Over the last 20 years, and since the publication of “To Err is Human: Building a Safer Health System” (1), many strategies have been implemented and much effort invested to minimise the risk of adverse events occurring.
Although the advances made have been numerous, the ambition of obtaining total safety has not been achieved (2). Amalberti and Vicent argue that patient safety is a constantly moving target. Its limits have been increasing over time due to the inclusion of new forms of harm within the area of safety (3,4). New technologies and models of healthcare provision, the transformation of fatal diseases into chronic illnesses, improvement in standards and the increasing concern about safety, among other aspects, have been key in the evolution of patient safety issues.
This changing environment, which undoubtedly provides advances and benefits, also gives rise to new forms of risks which need to be tackled. Vincent and Amalberti (2,4) propose continuing to work, innovate and improve the system, as has been done to date albeit, in parallel, developing and implementing strategies to proactively manage the risk which will help to cope with this environment of constant pressure and change.
This proactive approach is already beginning to be applied in the healthcare setting. Different studies (5-7) demonstrate that this approach is being used on a partial basis given that greater emphasis is being placed on identifying the clinical risks than on the governance system and the risk management framework. However, these last two aspects are key in this process. Therefore, it is not surprising that the aforementioned studies point to situations such as lack of support from senior management, the limited culture and time shortages of professionals and the absence of tools to simplify the work, among other things, as being limitations and barriers to the implementation of the proactive approach.

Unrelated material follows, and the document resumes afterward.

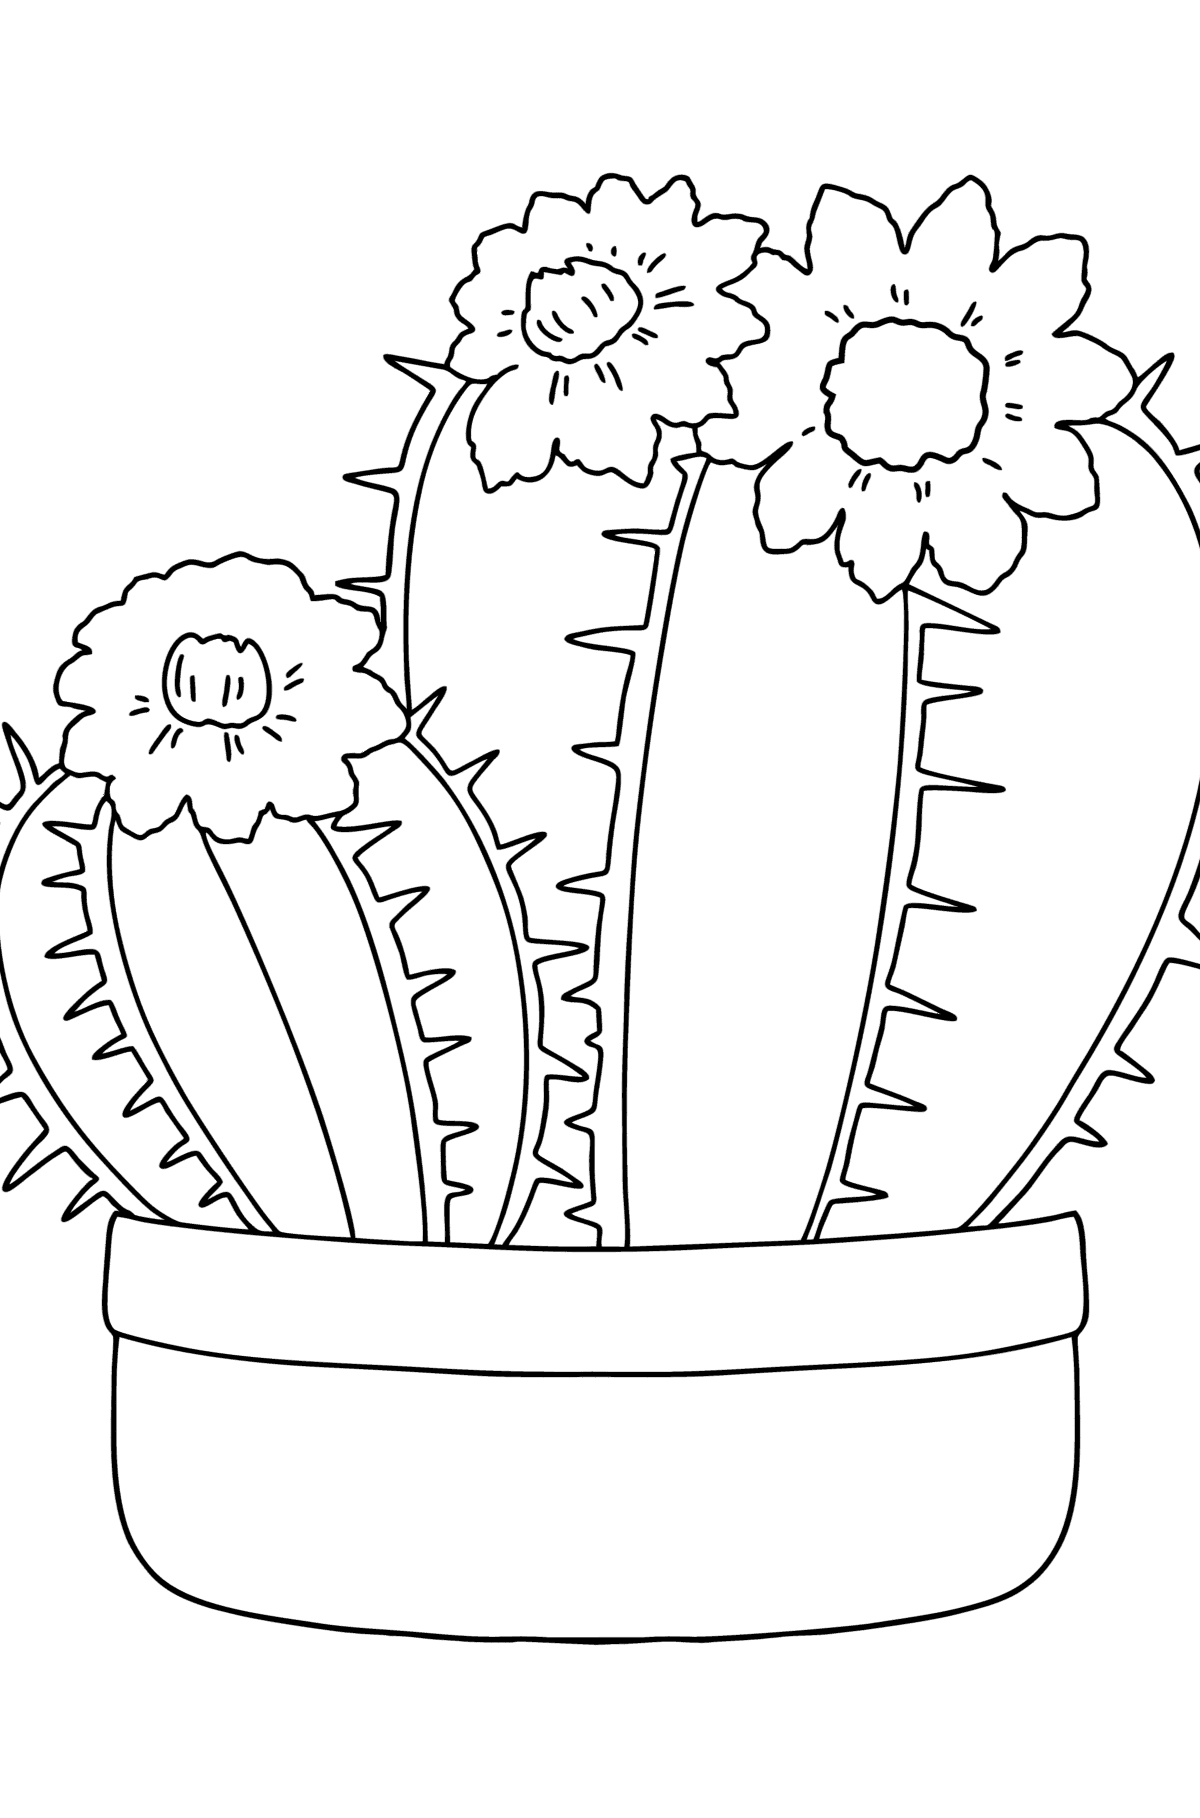 Ausmalbild Schöner Kaktus - Malvorlagen für Kinder
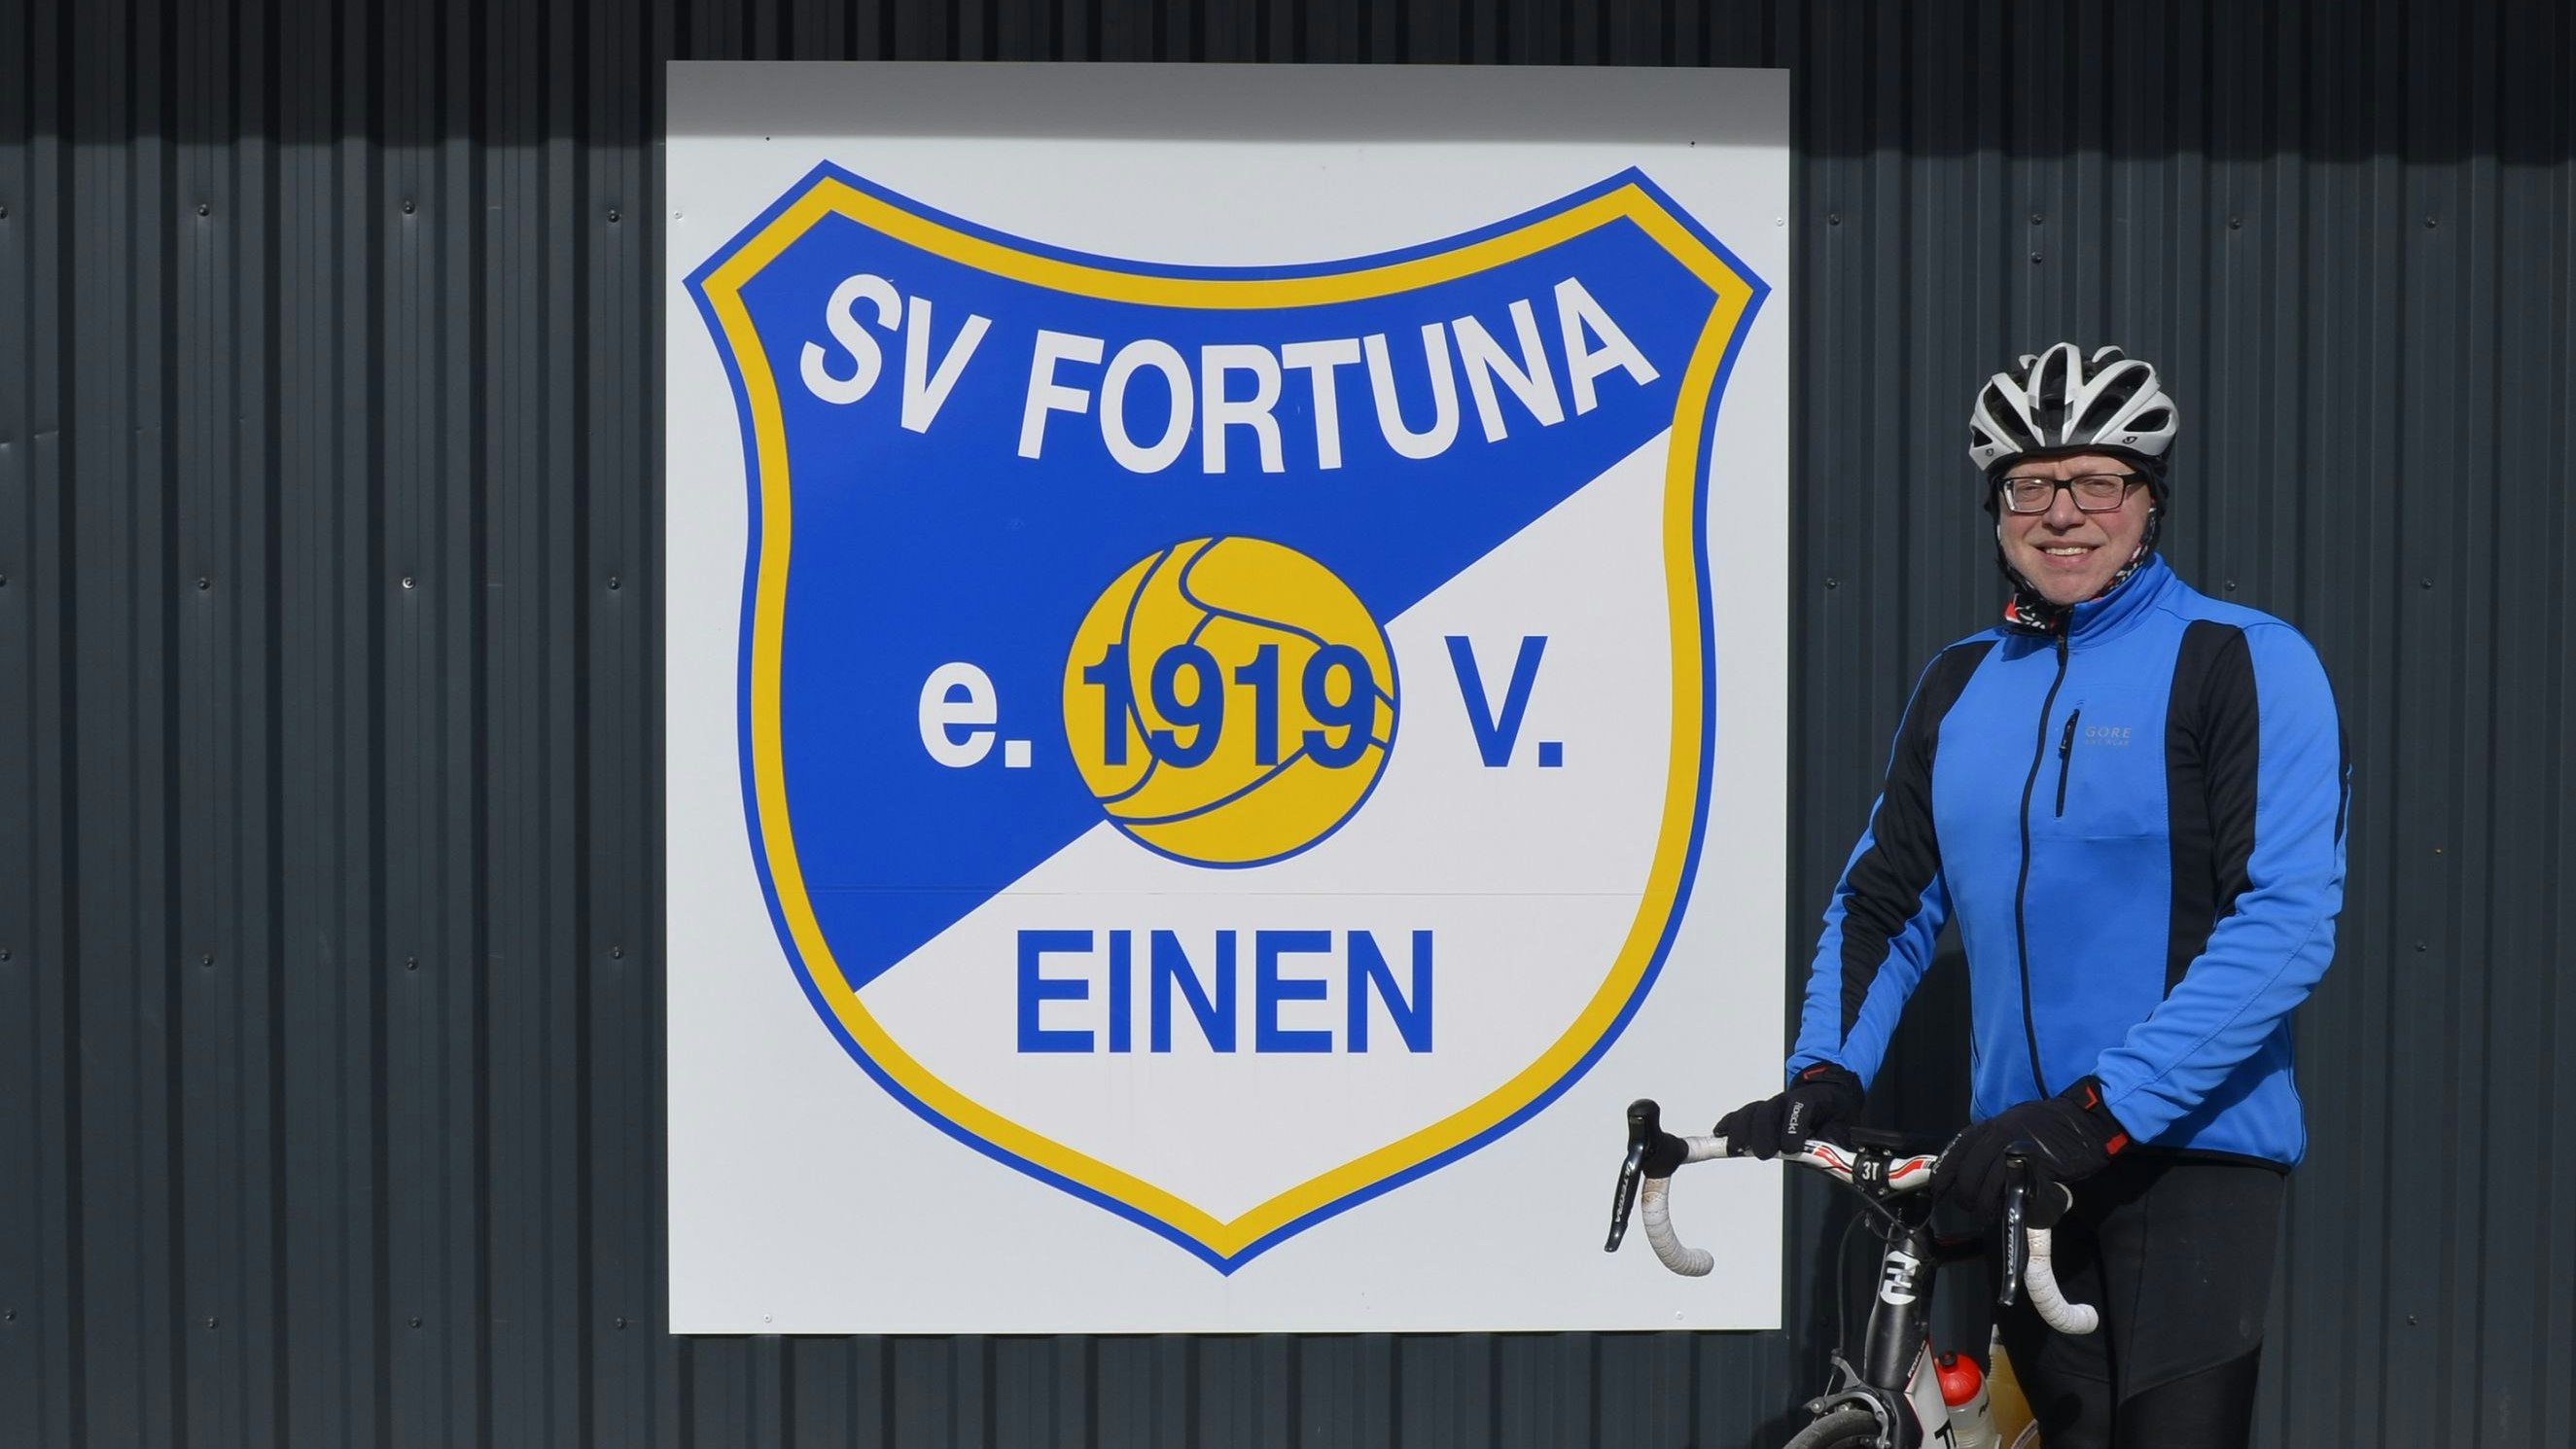 Er strampelte im letzten Jahr 140 Kilometer: Josef Rehe reiste aus Neuenkirchen-Vörden an. Foto: Fortuna Einen

Managing risks goes beyond identifying a list of risks that affect the organisation. It also encompasses strategy, governance, culture and measuring performance. Furthermore, it is a system for monitoring, learning and ongoing improvement (8).
The Committee of Sponsoring Organizations of the Treadway Commission defines (8) risk management as “a process, effected by an entity’s board of directors, management and other personnel, applied in strategy setting and across the enterprise, designed to identify potential events that may affect the entity, and manage risk within its risk appetite, to provide reasonable assurance regarding the achievement of entity objectives”.
The governance system establishes responsibilities at all levels of the organisation and the culture refers to desired behaviour and awareness of the risks. The strategy and objectives make it possible to bring all functions and levels into line to achieve the same end. Identifying and evaluating the risks that can affect performance makes it possible to anticipate and implement measures to avoid them. Lastly, the continuous monitoring and information process facilitates improvement.
Taking into account the aforementioned premises, the implementation of an integrated risk management system with all its principles could help to overcome the barriers to implementing proactive systems to improve patient safety, as it addresses responsibilities from senior management to any member of staff, the culture and performance, and it is in itself a tool for managing risks and ensuring the achievement of objectives in the organisations.
At British United Provident Association (BUPA), all the risks, including clinical risks, are addressed using an integrated risk management system based on (9): (I) the governance structure, (II) the risk management framework, and (III) the management of the risks itself. The latter is a continual process which includes identifying, evaluating, managing, monitoring and reporting the risks.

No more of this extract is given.